Create An Intranet Communications Plan


According to a report from Nielsen Norman Group, while 70% of most corporate employees use the Intranet every day, most of what they do is just look up a corporate phone number and read the latest corporate news.

Imagine convincing that 70% of your user base to take advantage of the deeper features and functionality your Intranet has to offer them. Not only will your Intranet be more successful, worker productivity will increase exponentially.

The best way to help make this happen is to promote your corporate Intranet  with an Intranet communications plan.

You probably made some sort of corporate announcement when you originally launched or redesigned your Intranet. But selling the features and functionality of the corporate Intranet is an ongoing activity that needs to be packaged and sold to employees, very much like the marketing department does for the sales force.

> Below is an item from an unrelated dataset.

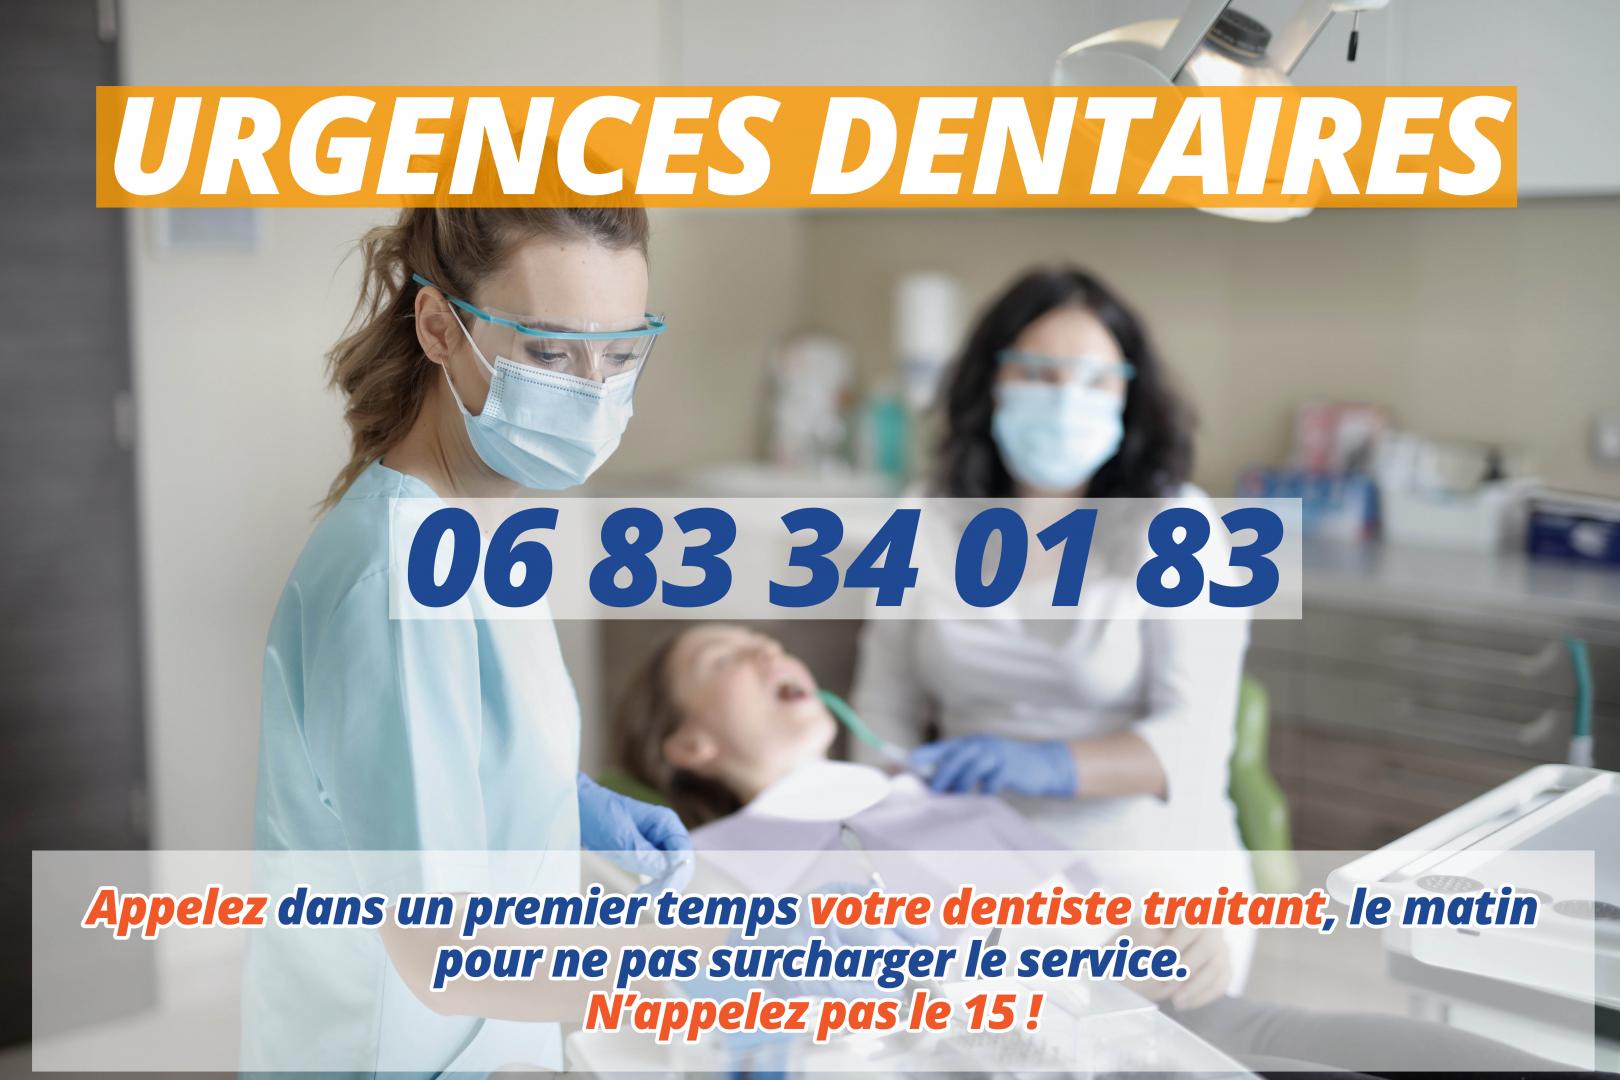 En cas d'urgence dentaire, un seul numéro : 06 83 34 01 83.
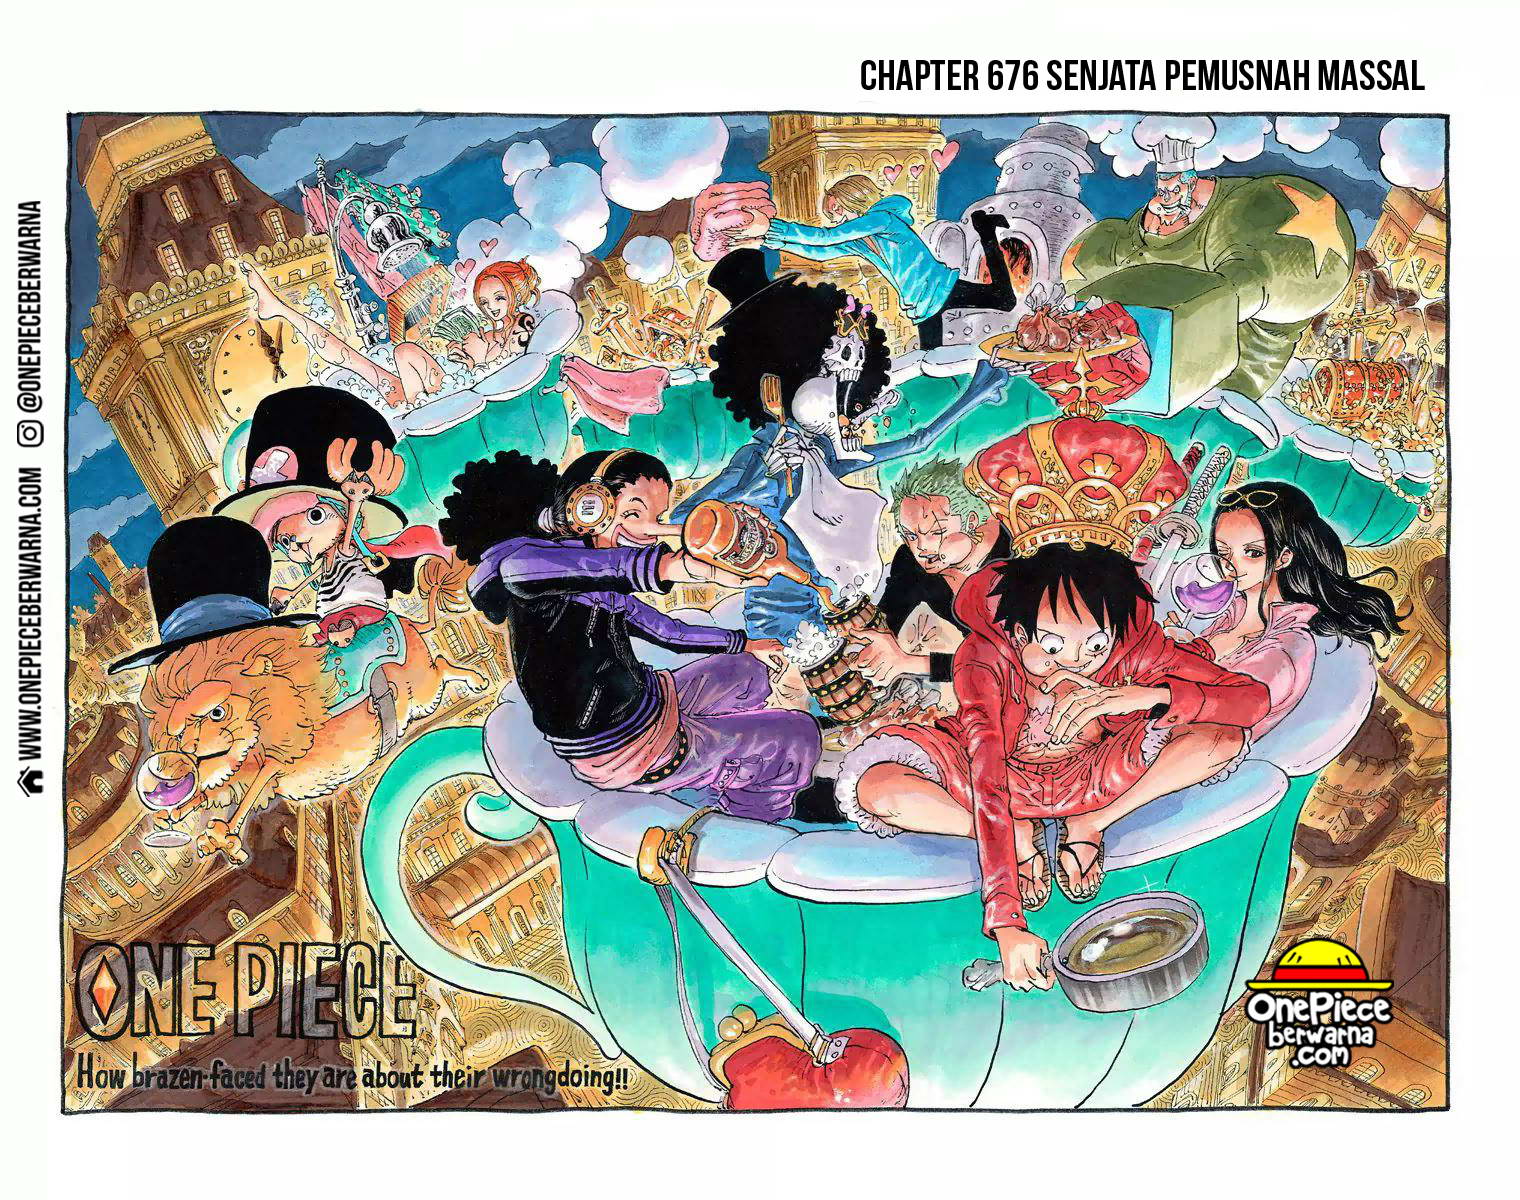 One Piece Berwarna Chapter 676

“But why do I have to sell my Intranet to employees?” you may ask yourself.

Because if employees do not effectively adopt your solution your company has wasted its money. And there’s nothing that will kill a project faster than the scent of wasted investment dollars.

In the same Nielsen Norman Group report, increased worker productivity was directly correlated with multi-million dollar savings. For example, companies with 10,000 employees saved an average of $5M – $10M a year due to measured productivity gains. This more than paid for the cost of their intranet.

By extrapolating these numbers on a smaller scale, a small company with 100 employees could expect savings of $50-100k a year. That’s worth applying to anyone’s bottom line.
An internal PR campaign to influence adoption of your Intranet can make a huge difference.

Your Intranet communications plan should include branding (a special corporate name and logo for your Intranet) and corporate-wide and department-specific messaging delivered in person via “town-hall” style meetings, company news and email campaigns. Some companies even make live and recorded webcasts about using the Intranet available to employees. In short, anything you can do to encourage and increase employee adoption is fair game.

These initiatives take time and careful planning, but before you know it you’ll be recruiting that 70% user base for usability tests and getting ideas from them for new and improved Intranet features.